少女と蜜柑の木
今日の夜風は涼しいものだった。
夏の夜風は昼の日差しの熱を含み、大概は暑苦しいものである。
だが夕立や雷雨が過ぎた夜半はときたまこんな風に過ごしやすい夜もある。
特にミカの部屋は過ごしやすい温度に保たれる。
南向きのミカの部屋は日当たりがよく、夏はさぞかし暑くなるかと思いきや、ミカが生まれたときに庭に植えられた蜜柑の木が陽射しをちょうど良い具合に遮るので、夏もそれなりに涼やかなのである。
蜜柑の木はミカの部屋に風を運ぶ。
「何ボーッとしてるの?せっかく風を運んでるのに」
網戸越しに声が聞こえた。幼い頃からおなじみの、蜜柑の木の声だ。
「アイス食べたすぎて集中力途切れた〜!ちょっとコンビニ行ってくる!」
ミカは取り組んでいたレポートを放り出し、財布をつかみ網戸をあけサンダルを履いた。ノーブラTシャツ短パンという格好である。蜜柑の木から、着替えてから行ったら…という呆れた声がするが、気にせず庭の勝手口を開けて道に出た。
・・・・・・・
後ろから誰かがつけてくる足音がする。
しかしこれも慣れた足音。いつものこと。
「別についてこなくていいのに」
背後へ声をかけると、心配そうな顔をした青年がミカの横に並んだ。
月の光に照らされて滑らかに光るオレンジがかった髪の毛が目を引くが、それ以外は特にこれといって特徴のない、中肉中背より少し細身の青年だ。
「だってそんな格好で深夜に出歩くなんて…ミカはもう子供じゃないんだから自覚すべき」
半眼で口を尖らせ、少し責めるような口ぶりで言うのは先程の蜜柑の木である。
ノーブラとかセクシーすぎるし、フトモモ出し過ぎで、とっても一人で出歩かせられない、襲われたりしたらどうするんだ…という小さい声は、ミカの耳には届かない。
2人は無言で夜の道を歩いた。
ミカはまっすぐ夜道を見ながら。

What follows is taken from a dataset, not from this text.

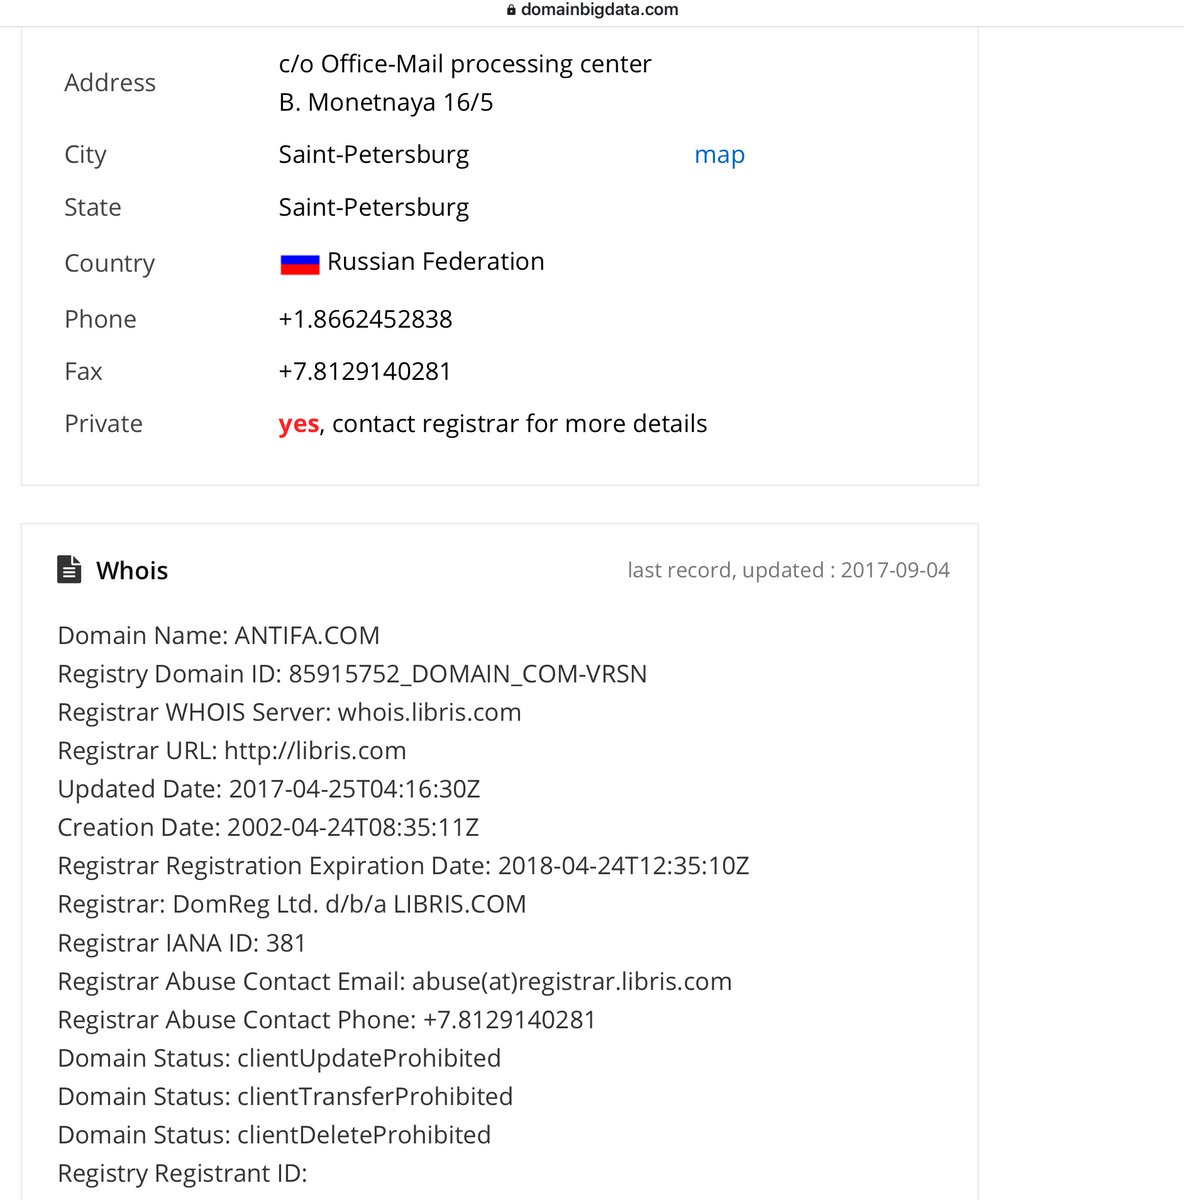 In sum and substance 2002 ANTIFA(.)com registered 2019 domain changesAugust 2020 domain now redirects to  @JoeBiden campaign & preliminary research suggest it’s in RussiaI am not an expert and I defer to those who are Any idea?ht  @MetroplexSocial https://domainbigdata.com/antifa.com 

蜜柑の木はチラチラと横の少女を気にしながら。
ミカの家は閑静な住宅街にあるが、閑静ということは家の周囲に家しかないということである。ともあれ一番近くのコンビニに着いた2人はそれぞれ興味のある場所へ散った。
ミカの興味はもちろん冷凍庫だ。
オーソドックスなバニラアイス、あたり付き水色アイスキャンディー、フルーツが入ったカキ氷…
ミカは、新しい味が発売されたエンジ色の蓋の高級なアイスにしようか迷い、結局2本で100円程度のコーヒー味のラクトアイスを選び、レジへ来た。
「ねえミカ、俺はこれがいい」
そう言って彼は後ろから、会計をする丁度良いタイミングで《ハイポアラケルX(クロレラ入り)今だけ2本増量》と紙パッケージに印刷されている緑色の液体が入った商品をレジ台に置く。と同時に、すかさずコンビニの店員がバーコードを打った。
買うって承知した覚えは無いんだけど。神のようなタイミングの良さ。こいつらグルか。
アイスを持って「あたためますか?」ときいてくる店員と、勝手に植物用栄養剤を会計に滑り込ませる彼をなんとかあしらって(…いや、とにかくアイスを温められないように死守して)無事に2人はコンビニから出た。
夜風が蒸し暑い。ミカの家だけ涼やかなのだろうか。
一瞬そんなことを考えたが、ミカはお構いなしに不服を口にする。
「ちょっと…真剣に何見てたのかと思ったら、またこれ?私のより高いんですけど」
「いいじゃん、クロレラ入りで元気でるんだこれ」
蜜柑の木はそう言いながら早々とコンビニ袋から植物用栄養剤を取り出し、パッケージを開けて一本取り、飲み始めた。
それを見たミカもつられて思い出したように2本組になっている容器のうち1本を取り出し、アイスを食べ始める。少し歩いて火照った身体に、柔らかく口溶けのよいチョココーヒー味がひんやり流れ落ちて心地良い。機嫌などすぐになおってしまう。
2人でそれぞれ別のものをちゅうちゅうしながら歩く帰路は、幼い頃と変わらなくて。
この関係性に変化が訪れることなんて2人には想像出来なくて。
しかし2人とも本心では関係性の変化を望んでいたりして。
「植物用栄養剤飲みすぎると身体に良く無いんじゃないの?前、栄養剤やりすぎて枯らしたことあるんだけど」
「俺は自分の身体のこと良くわかってるから大丈夫!ミカこそアイス食べ過ぎじゃない?」
そんな会話を交わしながら、どちらともなく手をつなぎ歩く。
正面に見える蜜柑色の満月に照らされ、いつものように。